[EXERCISE PROMPT]:
Transcribe exactly the lines below that begin at the line with "(Adopted April 2006)" and stop after the line with "SHENZHEN, CHINA - CIRCA", leaving out every picture.

INPUT MATERIAL section start

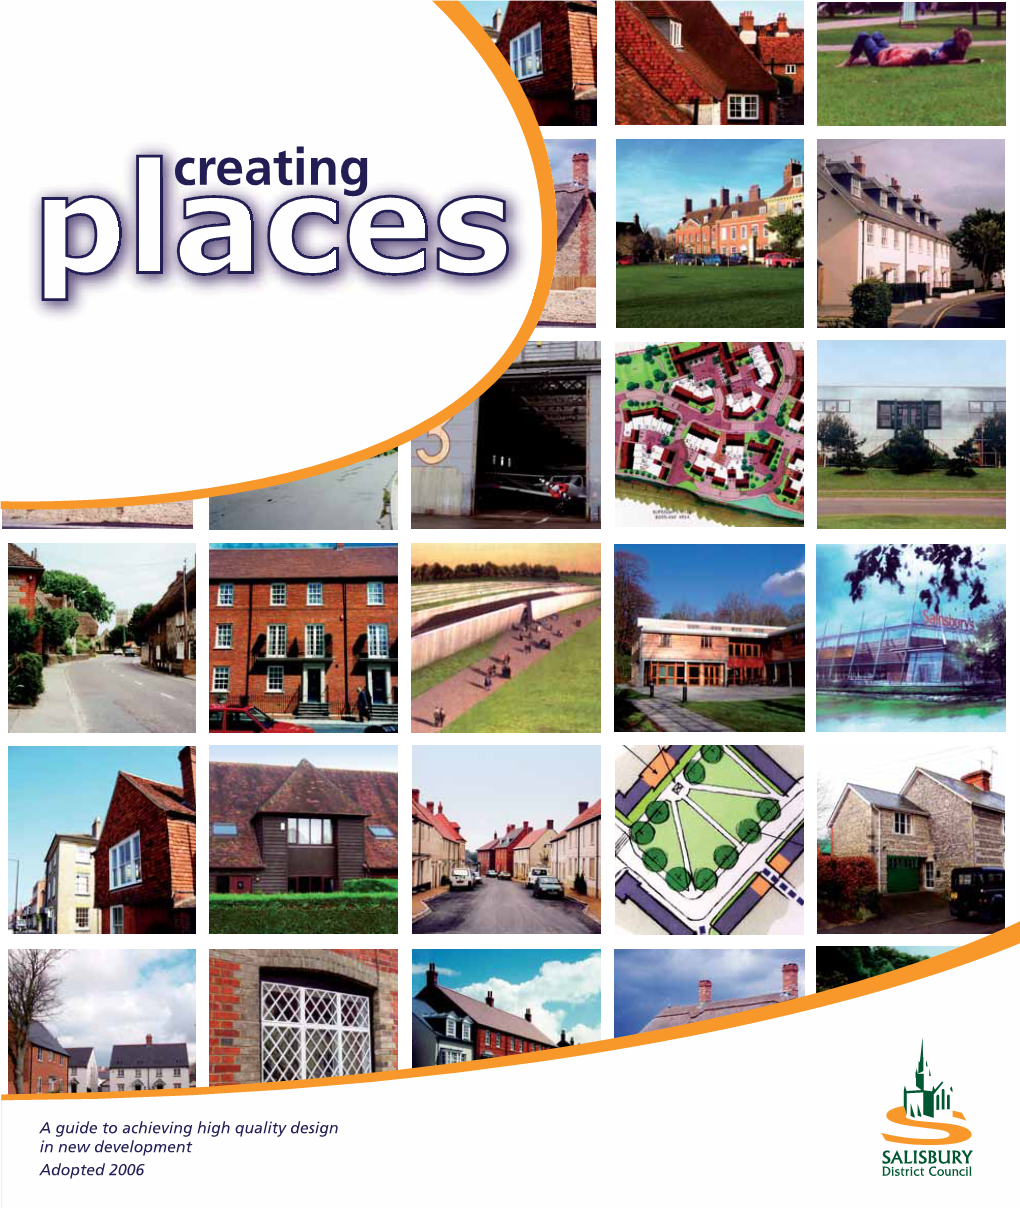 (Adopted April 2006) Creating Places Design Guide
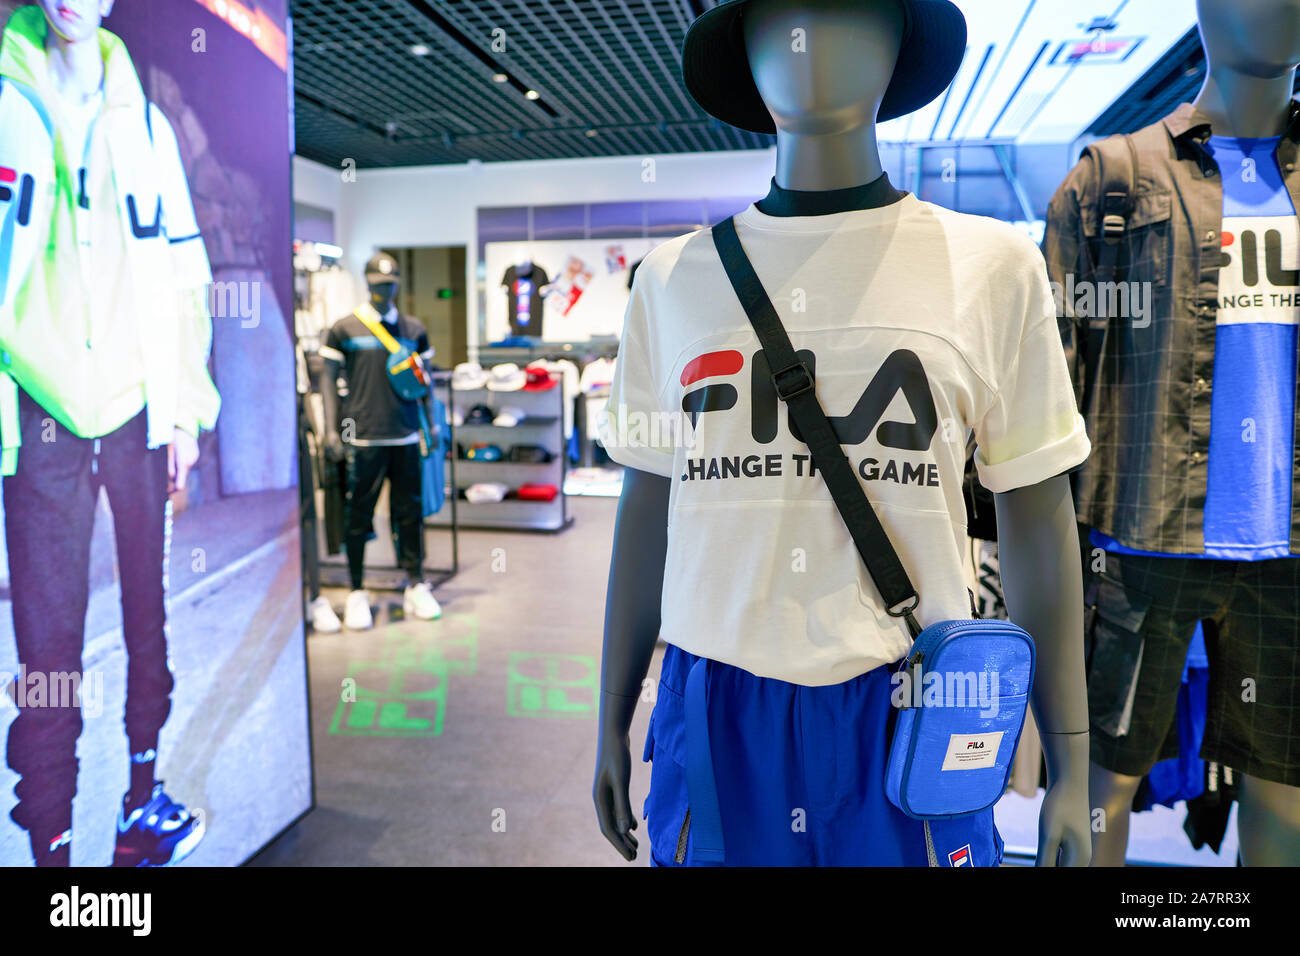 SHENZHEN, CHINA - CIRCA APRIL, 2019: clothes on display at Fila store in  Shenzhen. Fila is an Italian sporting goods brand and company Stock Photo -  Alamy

INPUT MATERIAL section end
INPUT MATERIAL section start

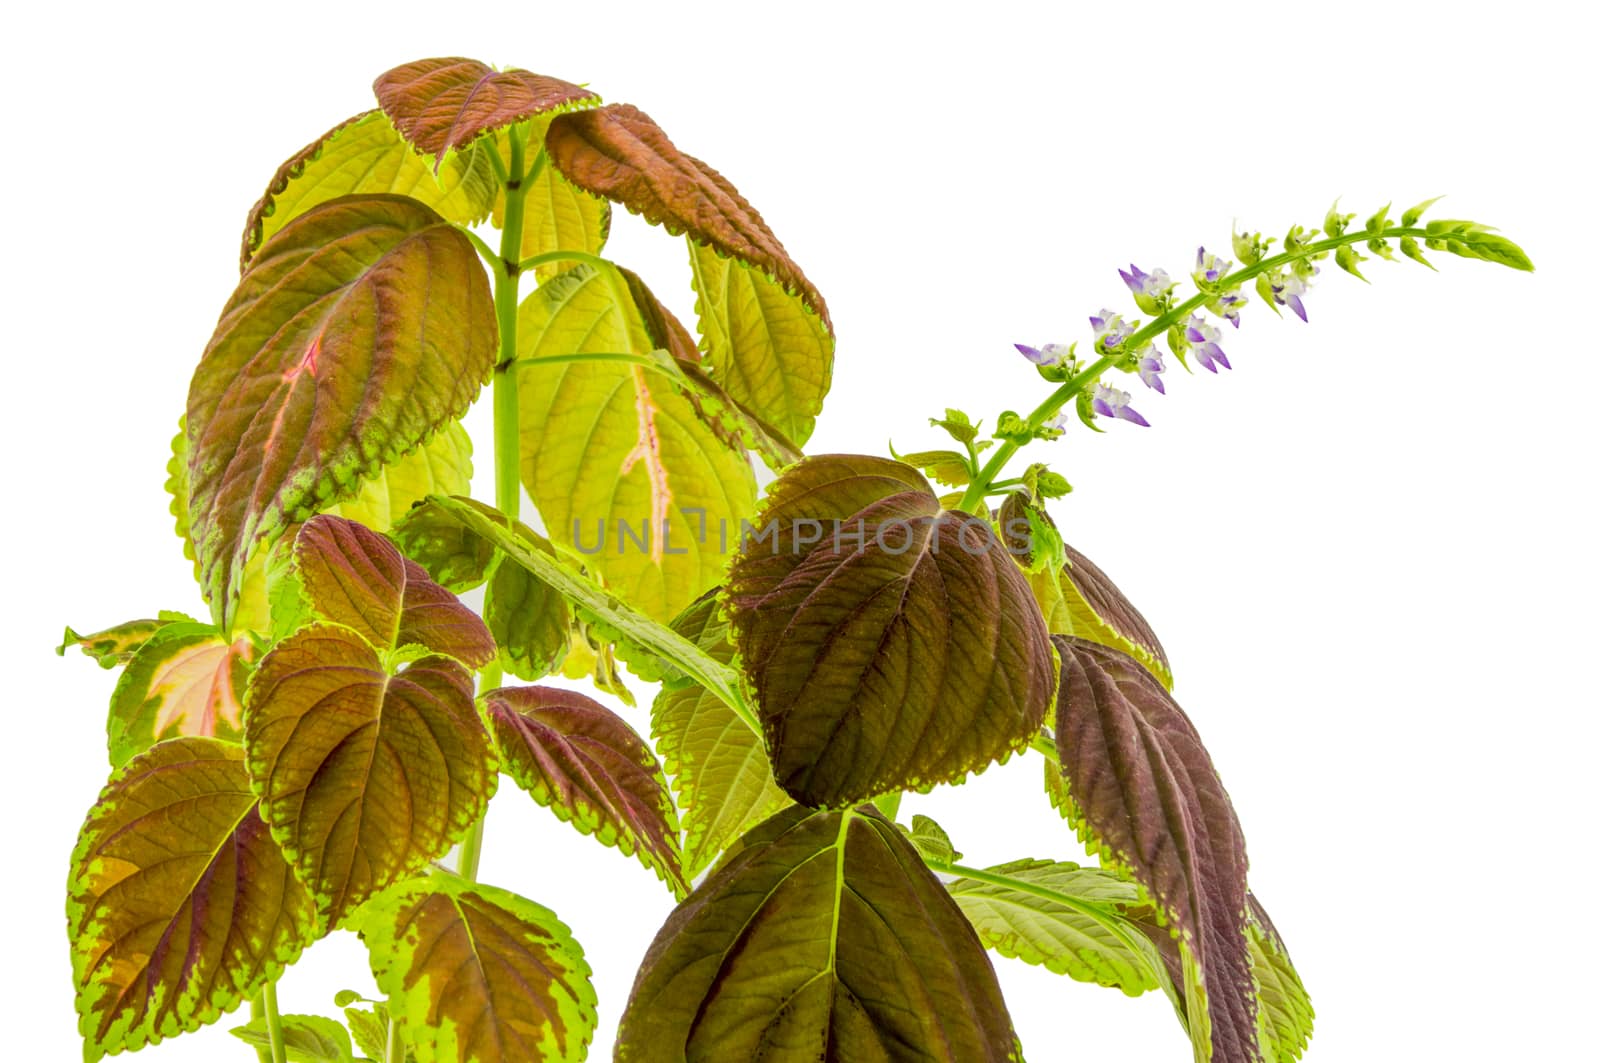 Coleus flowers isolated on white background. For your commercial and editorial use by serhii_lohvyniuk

INPUT MATERIAL section end
INPUT MATERIAL section start

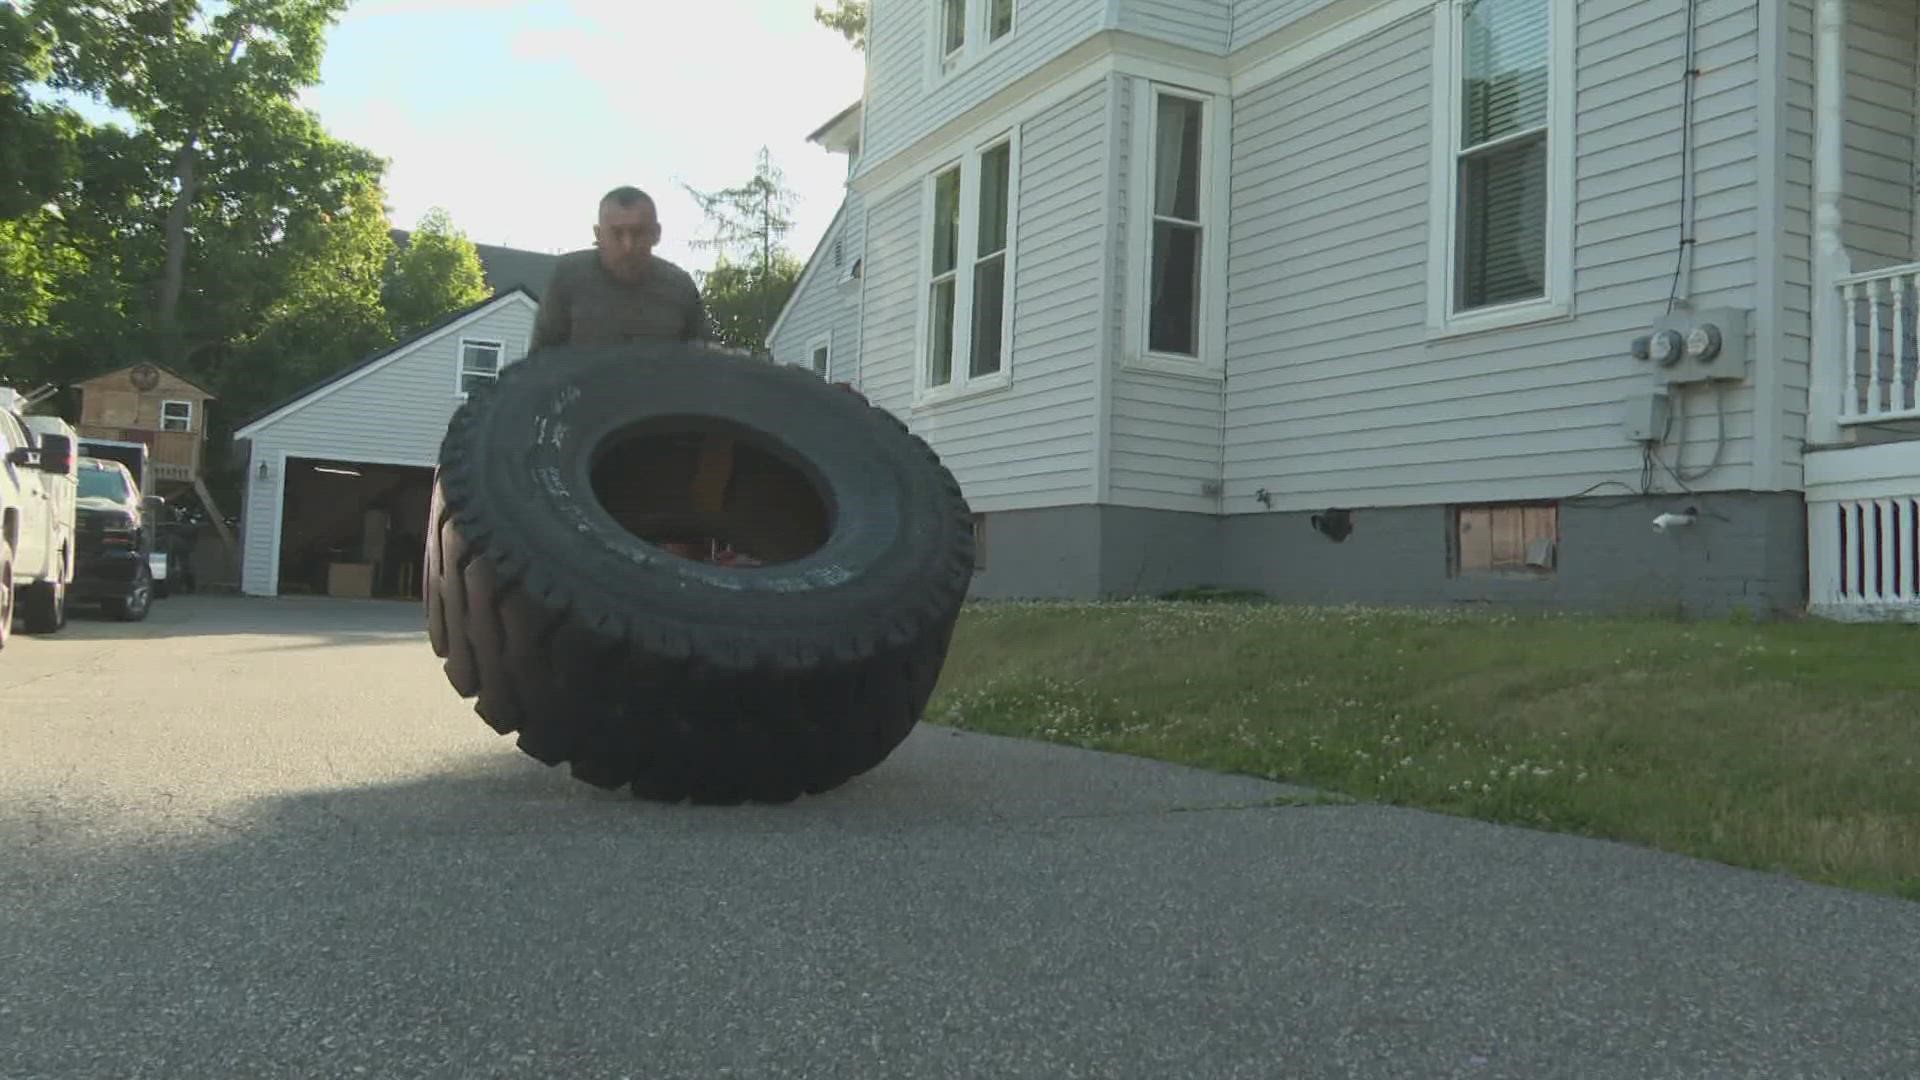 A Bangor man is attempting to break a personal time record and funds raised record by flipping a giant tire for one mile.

INPUT MATERIAL section end

[EXPECTED OUTPUT]:
 (Adopted April 2006) Creating Places Design Guide
 SHENZHEN, CHINA - CIRCA APRIL, 2019: clothes on display at Fila store in  Shenzhen. Fila is an Italian sporting goods brand and company Stock Photo -  Alamy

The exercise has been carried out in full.